Thresholding at 301, there are 43 nodes left in 20 islands.

In [63]:
islands[2]

[301, <networkx.classes.graph.Graph at 0x7c477f0>]

In [66]:
islands301 = islands[2][1]

In [73]:
#import code that was downloaded from the code for chapter 4 in the book
import triadic
import draw_triads

In [71]:
## Run the triadic census
census, node_census = triadic.triadic_census(islands301)

In [72]:
census

{'003': 11281,
 '012': 0,
 '021C': 0,
 '021D': 0,
 '021U': 0,
 '030C': 0,
 '030T': 0,
 '102': 1057,
 '111D': 0,
 '111U': 0,
 '120C': 0,
 '120D': 0,
 '120U': 0,
 '201': 0,
 '210': 0,
 '300': 3}

In [74]:
## get only the number of closed triads, and sort the list by the value, descending
closed_triads=[[-k,v] for k,v in sorted([[-node_census[k]['300'],k] for k in
node_census.keys()])]


In [76]:
closed_triads

[[1, u'0790701251'],
 [1, u'B000J0XJC2'],
 [1, u'B000O76T7M'],
 [0, u'0792101421'],
 [0, u'7883704540'],
 [0, u'B00000F168'],
 [0, u'B00004CLDC'],
 [0, u'B00004VYLU'],
 [0, u'B000055XP5'],
 [0, 'B00005JMZK'],
 [0, u'B00005LKLD'],
 [0, u'B00005LL26'],
 [0, u'B00005MFO8'],
 [0, u'B000065MQO'],
 [0, u'B000067JG3'],
 [0, u'B000067JG4'],
 [0, u'B00006LLJ4'],
 [0, u'B000071ZZI'],
 [0, u'B0000DK4QJ'],
 [0, u'B00015HX90'],
 [0, u'B0006IWQIU'],
 [0, u'B0007A2GSM'],
 [0, u'B0007A2GSW'],
 [0, 'B0007OCG4W'],
 [0, u'B0007Y08II'],
 [0, u'B0007Y08IS'],
 [0, u'B000B8VCSA'],
 [0, u'B000HOMU98'],
 [0, 'B000IMM3XW'],
 [0, u'B000NQRV4O'],
 [0, u'B000VBJEFK'],
 [0, u'B000ZLFALI'],
 [0, u'B000ZLFALS'],
 [0, u'B001FB55HQ'],
 [0, u'B001G7Q0Z0'],
 [0, u'B00288KNLS'],
 [0, u'B0028OA3EO'],
 [0, u'B0028OA3EY'],
 [0, u'B002OHDRF2'],
 [0, u'B002SEQ8ZM'],
 [0, u'B002ZHKZCY'],
 [0, u'B0032LO8DE'],
 [0, u'B0068FZ05Q']]

No movie is part of more than one triad (cliques), and only three movies have even one triad

In [77]:
cliques = list(net.find_cliques(islands301))

In [79]:
len(cliques)

20

In [80]:
cliques

[[u'0790701251', u'B000065MQO', u'B000HOMU98'],
 [u'B0032LO8DE', u'B00000F168'],
 [u'B000O76T7M', u'B0006IWQIU', 'B00005JMZK'],
 [u'B000055XP5', 'B000IMM3XW'],
 [u'B00006LLJ4', u'B0000DK4QJ'],
 [u'B00005LL26', u'B00005LKLD'],
 [u'B000J0XJC2', u'B00015HX90', u'0792101421'],
 [u'B000NQRV4O', 'B0007OCG4W'],
 [u'B0007Y08IS', u'B0007Y08II'],
 [u'B001G7Q0Z0', u'B00005MFO8'],
 [u'B00288KNLS', u'B002SEQ8ZM'],
 [u'B0028OA3EY', u'B0028OA3EO'],
 [u'B000067JG4', u'B000067JG3'],
 [u'B000VBJEFK', u'7883704540'],
 [u'B000ZLFALI', u'B000ZLFALS'],
 [u'B002OHDRF2', u'B001FB55HQ'],
 [u'B0068FZ05Q', u'B000071ZZI'],
 [u'B0007A2GSW', u'B0007A2GSM'],
 [u'B002ZHKZCY', u'B000B8VCSA'],
 [u'B00004VYLU', u'B00004CLDC']]

Cliques shows us the movies in the cliques, and the three triads are obvious here.

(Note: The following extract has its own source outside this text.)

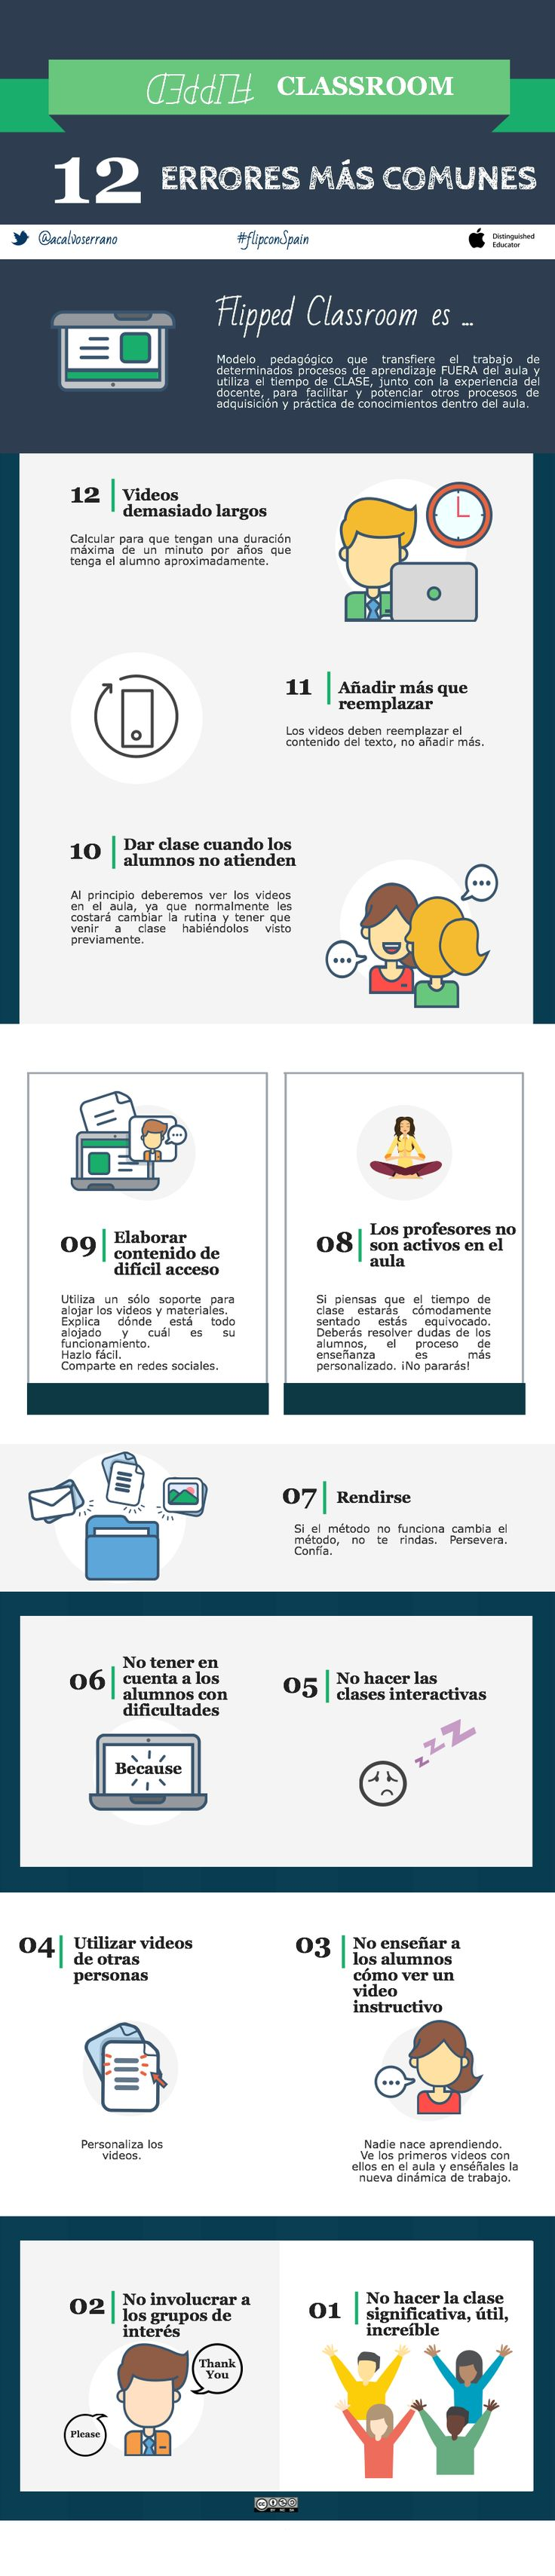 12 errores más comunes en Flipped ClassRoom #infografía

The implication is there isn't a lot of inteconnetedness between movies with resepect to common reviewers.  There are occasional movies that get reviewed by the same sets of reviewers and these same reviewers review other movies as well, but this isn't very common.